The impact of Brexit on MLA procedures and extradition continues to be felt, with the withdrawal of access to streamlined processes. Freed from its obligations to act as part of the EU, a UK-specific framework for imposing financial and other sanctions includes so-called Magnitsky measures against people suspected of involvement in human rights abuses or corruption, and trade and financial sanctions that interact with other countries’ equivalents in frustratingly complicated ways.

The UK’s Russia sanctions have had a particularly wide-ranging effect, targeting (among other things) trusts and various professional services for persons “connected with Russia”, impacting the availability of legal services, and freezing the assets of “designated persons” and companies controlled (even indirectly) by them. A drive towards ever greater corporate transparency includes a new register of overseas entities that own interests in land, while UK companies’ register of beneficial owners (in contrast to those in the EU) remains public.

Significant changes to the civil recovery scheme of POCA were put in place a few years ago by the Criminal Finances Act 2017 (CFA). The most eye-catching innovation was the Unexplained Wealth Order (UWOs), by which the High Court can order a holder of property to explain their interest in it and how it was acquired. Less trumpeted, but so far more widely used, are Account Freezing and Forfeiture Orders (AFFOs), which have proved devastating to holders of funds that can be frozen on a basis of “reasonable suspicion”.

What Can Be Done About These Risks?  

Fortunately, the courts in the UK remain a viable forum for challenge wherever individual rights are threatened. The powers of enforcement agencies (and decisions by the courts, such as to grant search warrants) are susceptible to challenge in the High Court by way of judicial review, while much can be done by way of negotiation, including for instance to protect seized material that is subject to legal professional privilege (LPP).

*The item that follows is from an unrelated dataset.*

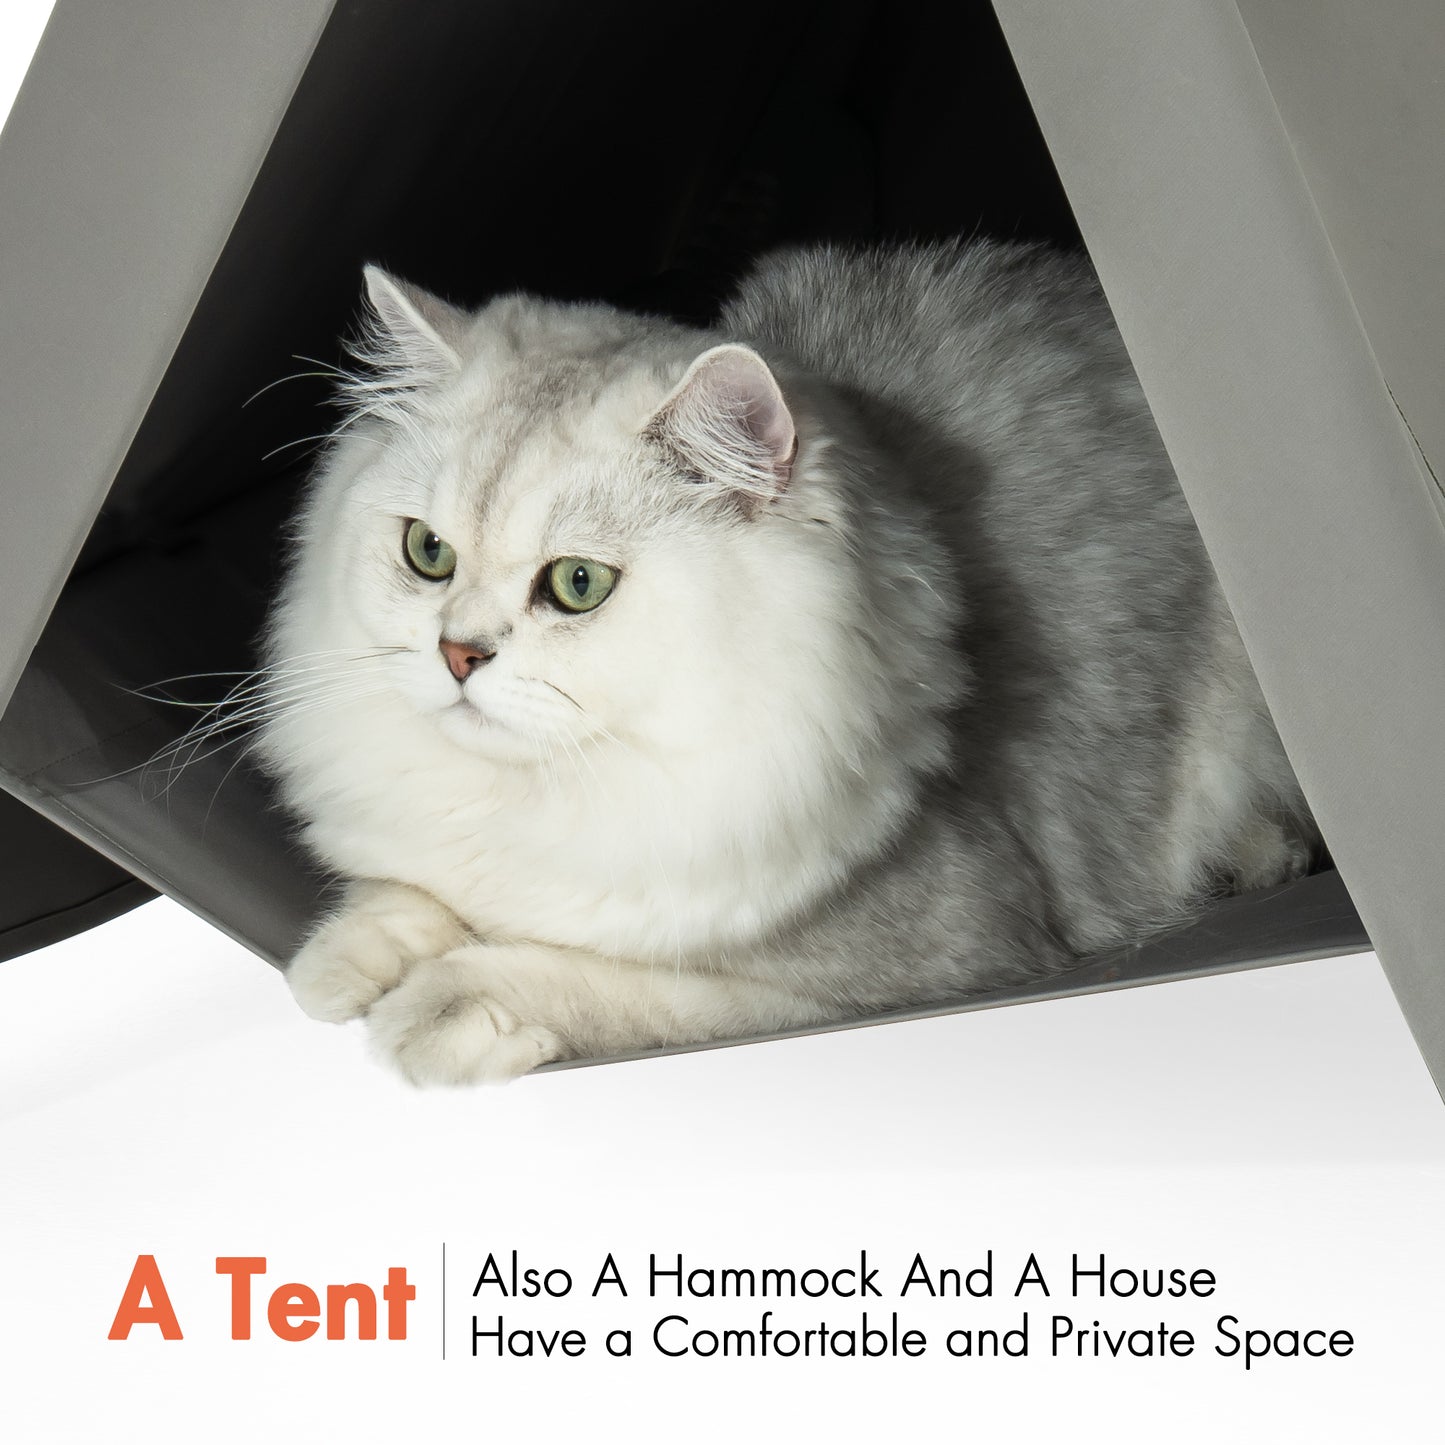 Pet Tent, Cat Tent for Indoor Cats, Wooden Cat House for small Pets,Gray green

Extradition requests, sanctions designations, and POCA applications – including UWOs and AFFOs – can be resisted, and adverse findings can often be appealed to higher courts. While the principal route of challenge to Interpol notices remains internal (via the Commissioner for Control of its Files or CCF), much can be achieved by the targeting of individual bureaus, and the use of data protection laws. Despite Brexit, the UK has retained a version of the General Data Protection Regulation (UK GDPR), and the European Convention on Human Rights (ECHR) remains enforceable, via the Human Rights Act 1998 (HRA) or by application to the court in Strasbourg.

A Mixed Picture  

Given all the above, the prospects for a HNW individual (or associated parties, such as family offices and trustees) seeking to enforce, from the UK, their rights in a financial crime investigation are complicated. A combination of austerity, Brexit, the CFA, DPAs, MLRs, and the war in Ukraine have undoubtedly made the UK a less predictable, and in many ways riskier, place to do business, to live, and to hold assets. On one hand, the upshot of recent changes is that it is increasingly easy to make allegations of financial crime outside of a traditional criminal investigative process, and on the other hand, it is increasingly hard to disprove them.

Despite the complexity, however, the existence of due process and judicially independent procedures, while far from perfect, can provide real hope for redress. While the use of CCF or UK GDPR processes or the protection of LPP material can seem esoteric, the UK’s courts continue to provide an invaluable degree of scrutiny to the errors and excesses of the executive, protecting individual rights, with the HRA and the ECHR as a backstop. It is, perhaps, for this reason that HNW individuals’ efforts to respond to financial crime investigations, where multiple jurisdictions are involved, are so often co-ordinated from the UK. While there are myriad laws and risks to engage and contend with in the UK, it is also often the best jurisdiction in which to find solutions.